Sándor Márai (1900-1989), húngaro, nasceu na Eslováquia e morreu nos EUA/GETTY IMAGES



“Libertação” do húngaro Sándor Márai, mais do que uma ficção, é um relato vívido, escrito em 1945, sobre o fim da ocupação alemã e a chegada dos soviéticos

O

que justifica o inesperado sucesso póstumo do húngaro Sándor Márai (1900-1989)? Uma elegância elegíaca, talvez, uma certa mestria emocional. Ou a circunstância de ter sido um pequeno aristocrata com simpatias comunistas na juventude e que viveu contraditoriamente as grandes tragédias do século.

A esse respeito, “Libertação” (romance escrito em 1945, mas inédito até 2000) não podia ser mais significativo.
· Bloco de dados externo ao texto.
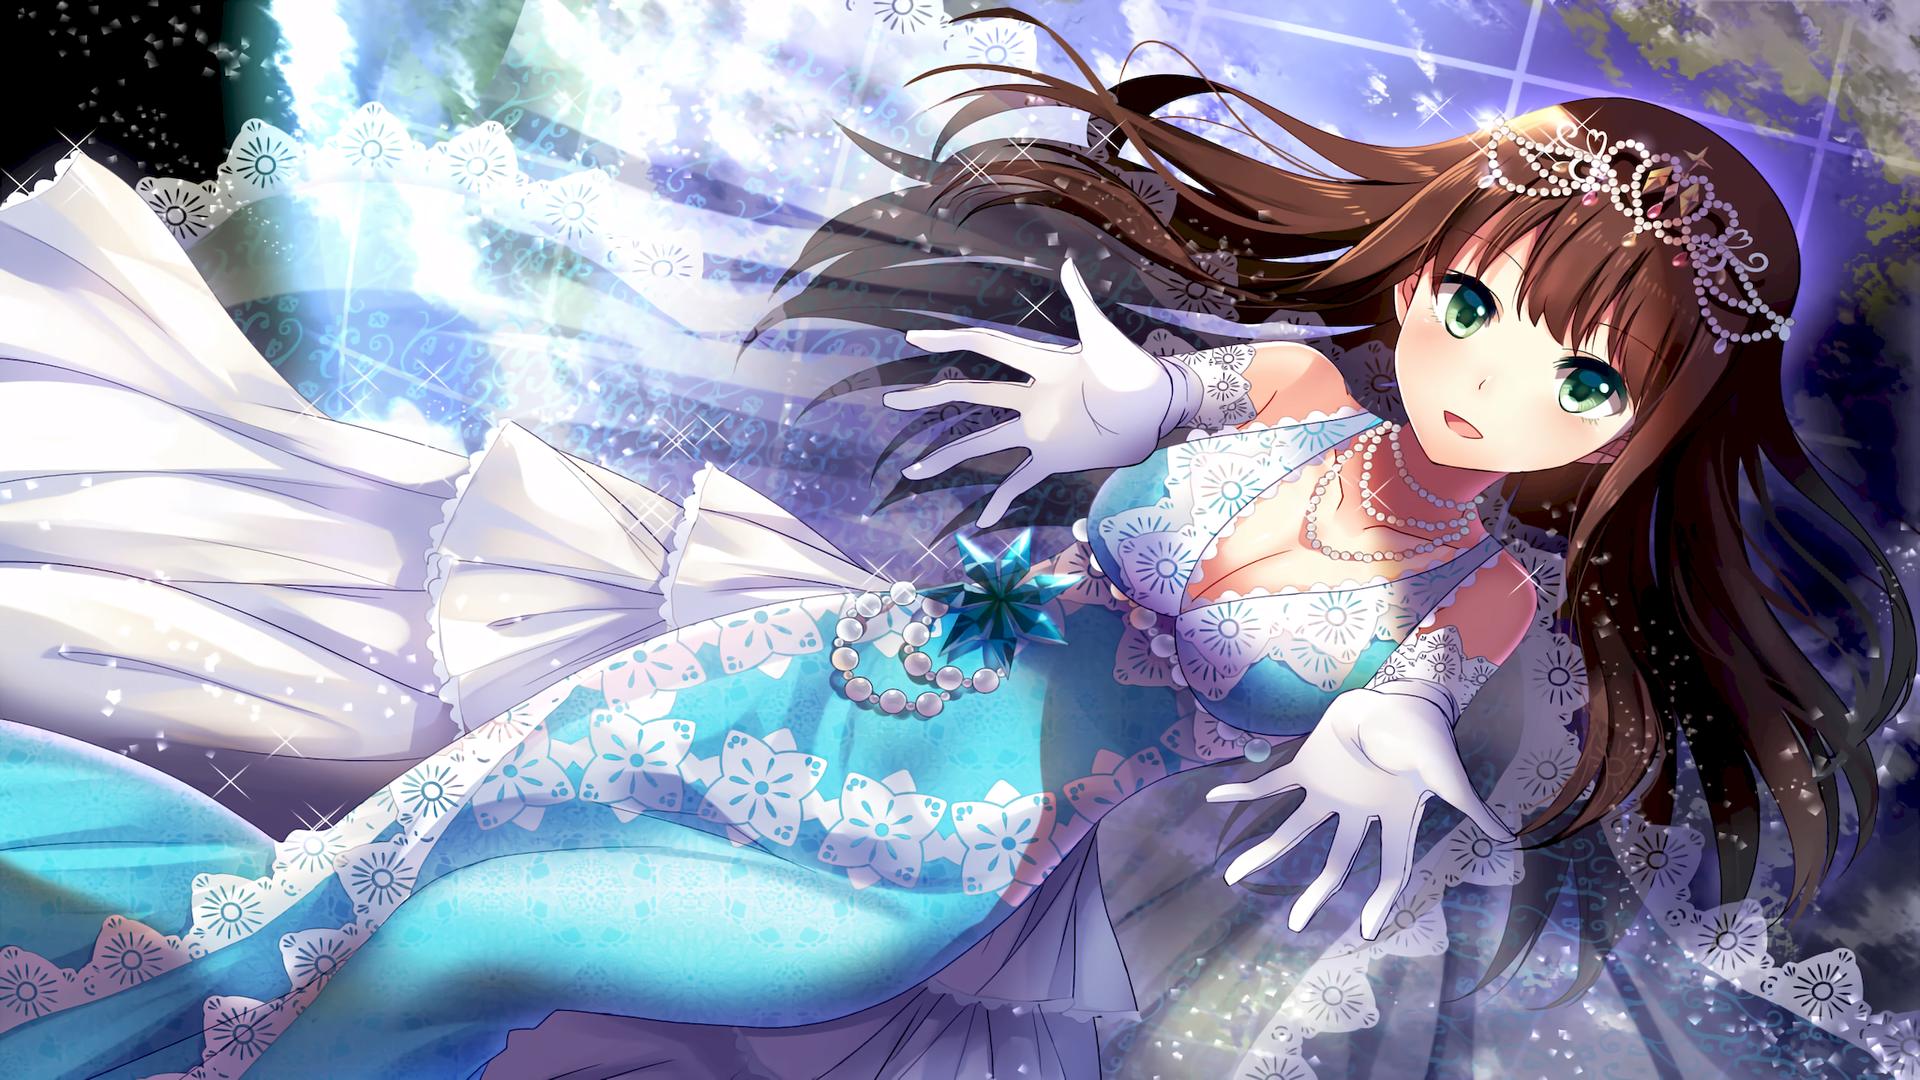 Brown Haired Anime Princess Wallpapers - Wallpaper Cave.

É uma ficção em esboço, mas um testemunho impressionante sobre o fim da ocupação alemã e a chegada dos soviéticos. Mais preocupado em documentar um momento do que em efabular, Márai deixa tudo vago, não sabemos grande coisa sobre a protagonista, jovem enfermeira, ainda menos sobre o seu pai, um cientista perseguido pelos nacionalistas húngaros, ou sobre um ex-namorado que fugiu. E as personagens secundárias são pouco mais que espectros ou símbolos: um “paralítico”, um “russo”, etc.





LIBERTAÇÃO
Sándor Márai
D. Quixote, 2023


O que é vívido é o cerco a Budapeste, no Inverno de 44-45: “(…) os soldados, os canhões, os tanques, as barricadas, as pessoas, toda a cidade nas caves e casas obscurecidas, todos estão à espera, mas nada podem fazer; algo está prestes a acontecer, o tempo chegou ao fim.” Não esperam os bárbaros, como no célebre poema de Kavafis, mas quem os livre dos bárbaros. Com o Exército Vermelho às portas da cidade, um grupo de homens e mulheres refugia-se numa cave fedorenta, meio plataforma do metropolitano, meio cinema degradado. Cada um trouxe o que conseguiu, um colchão encardido, documentos falsos, uns trastes, umas bolachas. É uma “vida de roedor” ou “de curral”, mas estão protegidos, acompanhados, vivos.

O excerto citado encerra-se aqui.